My leather jacket will as well. Even though I got it at a Thrift shop, it’s a good coat. If you wear it with that heavy sweater in the bag, you will stay warm through this cold snap.
I’m ticked off about the sunglasses. They were my birthday present a few years back. I allowed Shan to spend a ridiculous amount on them and I took such good care of them.
But I can get new sunglasses.
I can’t replace the letter from my sister that I have carried in my wallet for years. Nor can I replace the little book I made. Or the journal I was using for my next project.
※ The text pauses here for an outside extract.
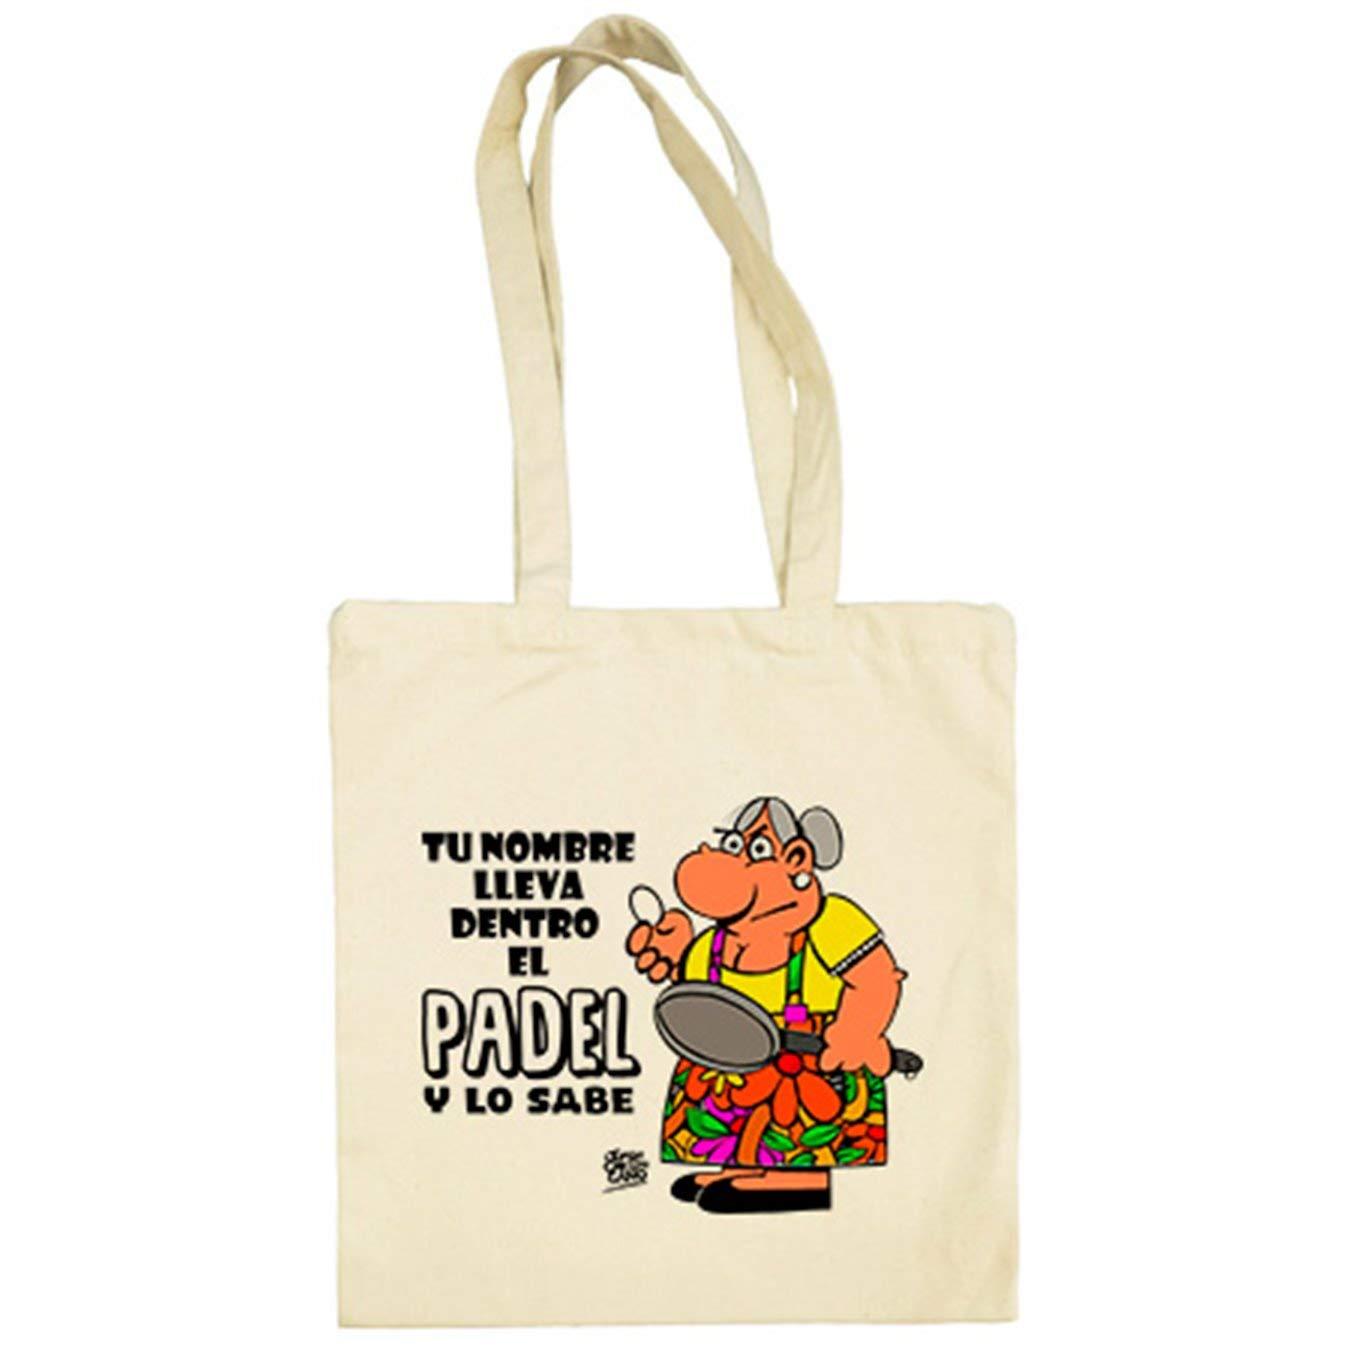 Bolsa de Tela llevas Dentro el Padel y lo Sabes Personalizable con Nombre - Beige, 38 x 42 cm: Amazon.es: Equipaje

I’m a writer, you see, and I keep wondering about your backstory. In my stories, I always hint at how my villains became who they are. I think it’s because I used to teach at-risk youth and I know perfectly well why some people end up in trouble.
What is your back story?
Are you like the boy I knew who was locked in his bedroom by his abusive father? Or the one who had his hair set on fire? Maybe you were like the many children I knew who were foster kids in homes that didn’t care about them. Perhaps you were one of those who basically raised yourself. I saw a lot of pain in that job. And pain creates pain.
Whatever your story is, I doubt it’s good. I’m sorry about that.
I wish you had just taken the warm clothes, the cash and credit card, and left the rest.
I wish I could write you a happy ending.
I wish we lived in a world where you could ask for help, and get it.
The zipper on the sweater sticks a little. Just be gentle, and you’ll be okay.